1. Field of the Invention
The present invention relates to a gate driving circuit and a display apparatus including the gate driving circuit. More particularly, the present invention relates to a gate driving circuit, which may have improved reliability at high temperatures, and a display apparatus including the gate driving circuit.
2. Discussion of the Background
In general, a liquid crystal display device includes a liquid crystal display panel having a lower substrate, an upper substrate facing the lower substrate, and a liquid crystal layer interposed between the lower substrate and the upper substrate, which displays an image.
The liquid crystal display panel includes a plurality of gate lines, a plurality of data lines, and a plurality of pixels connected to the gate lines and the data lines, which are formed on the liquid crystal display panel. A gate driving circuit may be directly formed on the liquid crystal display panel through a thin film process and sequentially outputs a gate signal to the gate lines.
Generally, a gate driving circuit includes a shift register in which a plurality of stages are connected in series to each other. That is, each stage includes a plurality of driving transistors, which apply a gate voltage to corresponding gate lines. Specifically, each stage includes a pull-up transistor connected to a gate line to output a gate voltage and a carry transistor connected to an input terminal of a next stage to output a carry voltage that is used to control the drive of the next stage. Therefore, the gate driving circuit may prevent distorted signals caused by a load connected to the gate line from being applied to the next stage, thereby preventing malfunction thereof.
Control terminals of the pull-up transistor and the carry transistor are commonly connected to a Q-node in each stage. Thus, the Q-node has an electric potential of a turn-off voltage that is lower than a threshold voltage during a (n−1)H period where a gate voltage and a carry voltage are maintained at a low state, while the Q-node has an electric potential of a turn-on voltage that is higher than the threshold voltage during a 1H period where the gate voltage and the carry voltage are maintained at a high state.
However, a Q-node is generally connected to a previous carry node during a predetermined period within a (n−1)H period and an electric potential of the Q-node is floated. Thus, the pull-up transistor and the carry transistor are not held in a turn-off state, which results in rippling of the gate voltage and the carry voltage. Particularly, when current characteristics of the pull-up transistor and the carry transistor are varied while a liquid crystal display panel is tested at high temperatures, the reliability of the gate driving circuit may deteriorate due to noise being applied through the Q-node in a floating state.

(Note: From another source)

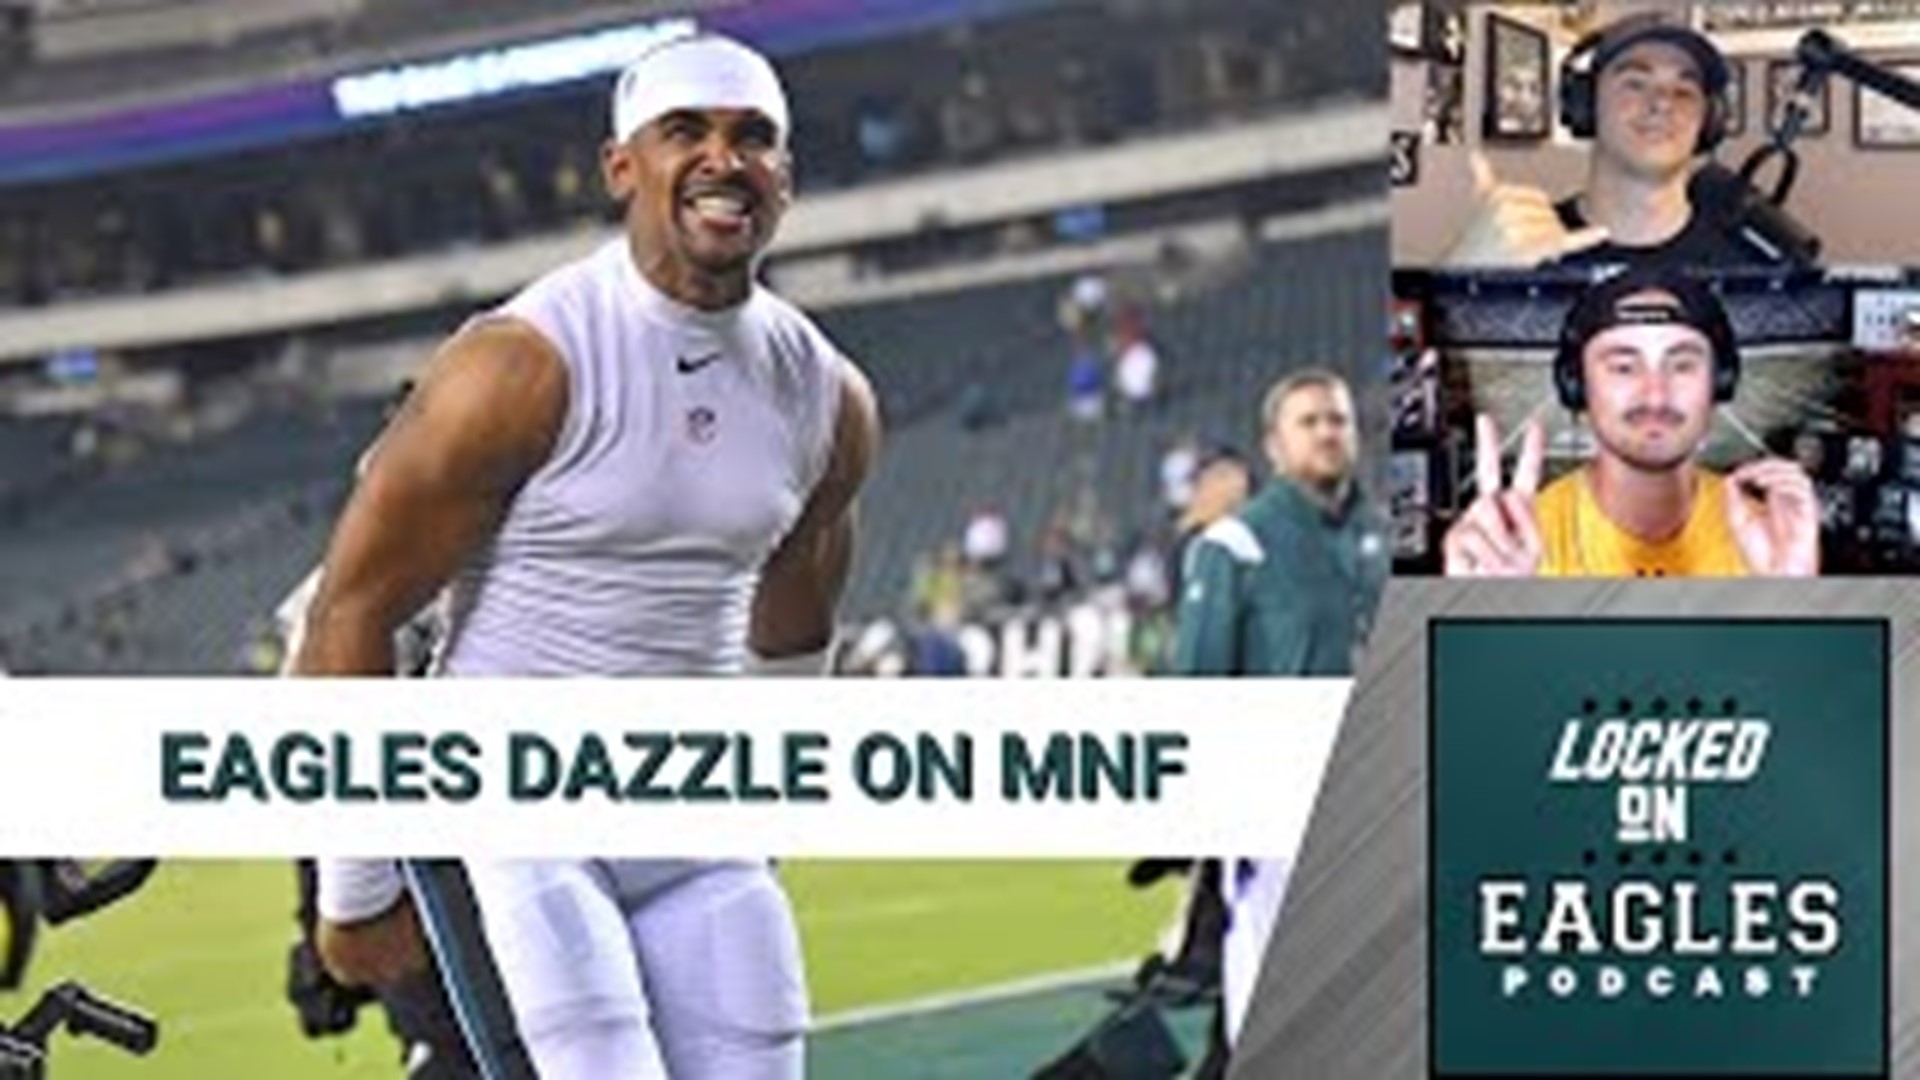 The Philadelphia Eagles move to 2-0 for the first time since 2016 after winning in dominating fashion against the Minnesota Vikings on Monday Night Football.

When the Q-node is connected to the previous carry node and the electric potential of the Q-node is reversely applied to the previous carry node, a ripple may occur in the previous carry node. Since the previous carry node is connected to an input terminal of a present stage, the ripple generated in the previous carry node applies an abnormal input signal to the present stage, thereby causing a malfunction of the present stage.